Originally Posted by *alegna*
OT:
So if I have a child over 20lbs who usually rides in a car rear-facing, should I install the seat forward facing on a plane? We've always put it rear-facing before (she was over 20lbs then too....)

-Angela

Angela...the FAA's rules are relatively vague and have not been updated to take into account convertible seats who have higher than a 20 pound rear facing limit. So to answer your question...if your babe is over 20 pounds....they *may* ask you to turn her forward facing and back that request up with the rule I stated above. However, technically since your seat allows for rearfacing past 20 pounds, you should be able to keep her rearfacing. It may come down to the individual airline and if your flight attendant knows enough about airline car seat safety.

Dallaschildren
CPS Instructor and momma to 2 sons in seats


----------



## pageta (Nov 17, 2003)

Quote:


Originally Posted by *dallaschildren*
It may come down to the individual airline and if your flight attendant knows enough about airline car seat safety.

In my experience, it completely depends on who you talk to. We flew to see my parents - two flights there, two flights on the way back. On every single flight, the flight attendants had a different rule. I mean, I don't care what their rule is - I just would like it to be the same on all of the flights...which should not be that difficult.

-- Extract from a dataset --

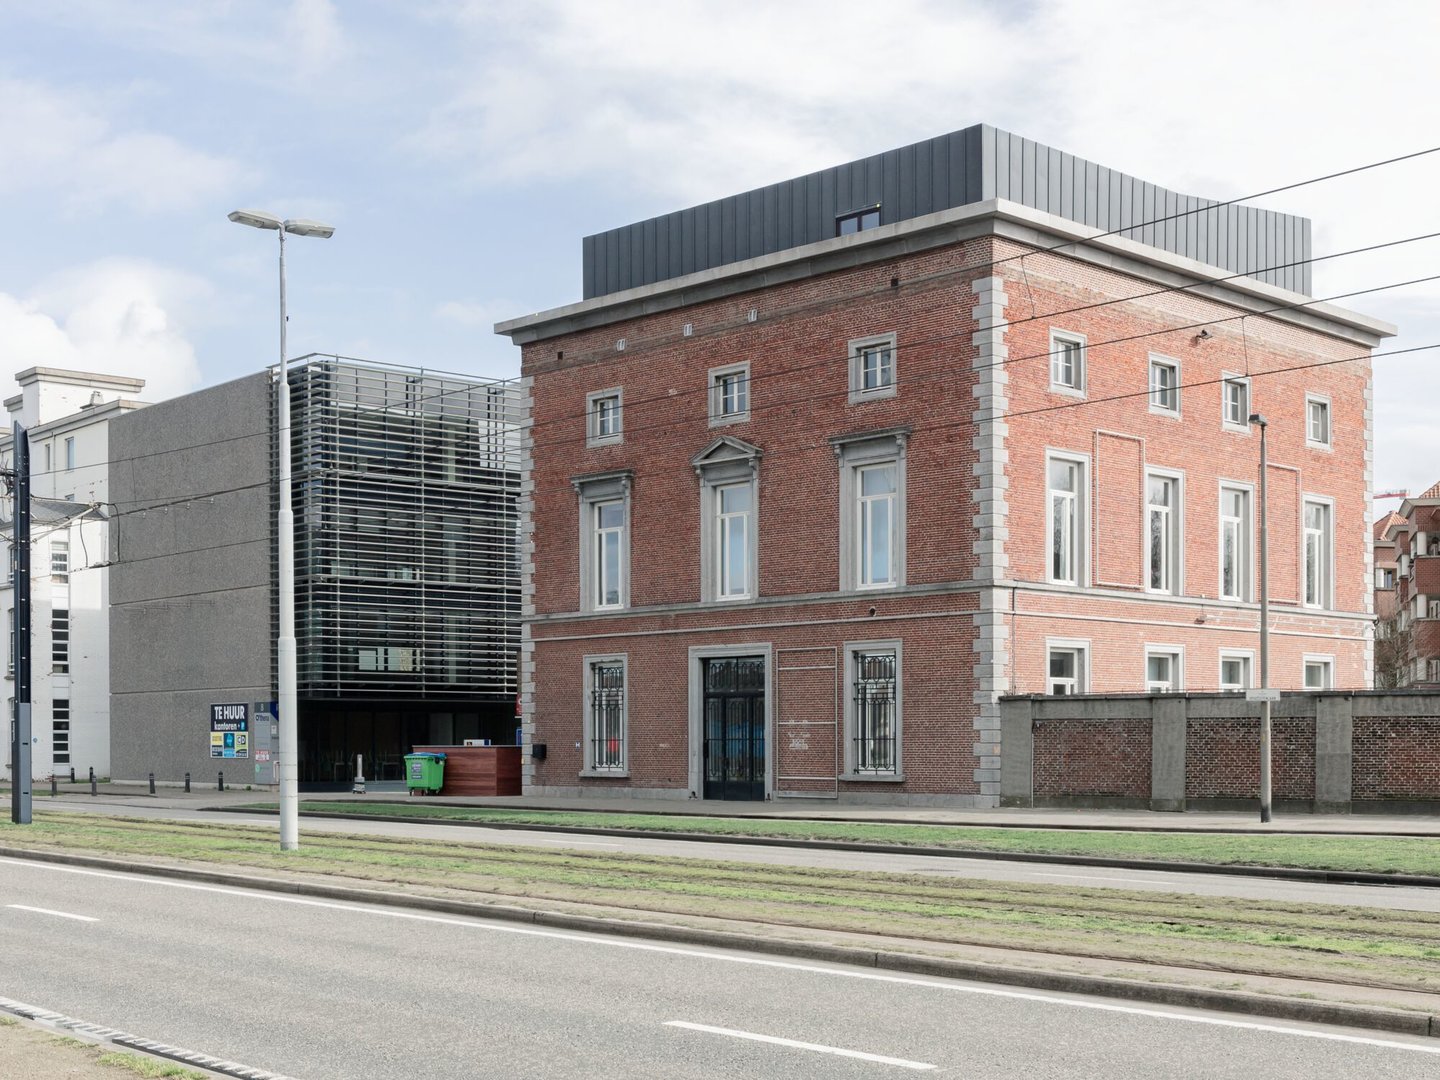 Buitenzicht van voormalige directeurswoning textielfabriek UCO de Hemptinne in Gent

On each flight, we would get on the plane, install the car seat, get our toddler settled, get ourselves settled, and then some stupid flight attendant would come along and tell us we had to do x, y or z differently and so we would have to get up, get our toddler out of his seat, uninstall the car seat, reinstall it differently, get the toddler settled again, and then get ourselves settled again. On the last flight, I was so tired of doing fruitbasket upset like that, I lost my temper and almost got kicked off the plane. It was ridiculous! Like I said, I don't care what the rule is, I just want it to be the same on every flight so once I learn what I'm supposed to do, I can do it and be left in peace. To this day, I have no use for flight attendants - I think they're idiots and they don't know what they're talking about. We've flown since, but we checked the car seat and just used the regular seat belt for our toddler - God forgive me!


----------



## alegna (Jan 14, 2003)

Thanks Dallaschildren! I figure we'll just install it however looks easiest (it's going to be a little plane... arg) and see if they bug us. I've never had anyone comment on how it's installed....

-Angela


----------



## thepeach80 (Mar 16, 2004)

The flight attendant tried to get us to turn Evan around too when we flew last (he was 10 mos and 16#). I told her he was fine and then I had to show her he was actually buckled into the seat b/c she didn't even know how it was done!







:


----------



## mamawanabe (Nov 12, 2002)

Quote:


Originally Posted by *Jwebbal*
Like I have said many times before, they make you put your carry ons under the seat or in the overhead bin during take off and landing and they even secure the coffee pot, why would we let a baby just sit on someone's lap?

Actually, flight attendents will allow you to hold any bagage on your lap (as long as it is approved size for carry-ons). If you can't hold it on your lap, it has to be beneth the seats or in the bins above, but if you cantto hold it on your lap (and it doesn't block the aisle and it isn't larger than approved carry-on limits), that is fine.


----------



## mamawanabe (Nov 12, 2002)

Quote:


Originally Posted by *Starr*
I realize that it is much safer for babies to be in carseats. Just wanted to let people know that it is not a requirement. We did what we thought best in our situation.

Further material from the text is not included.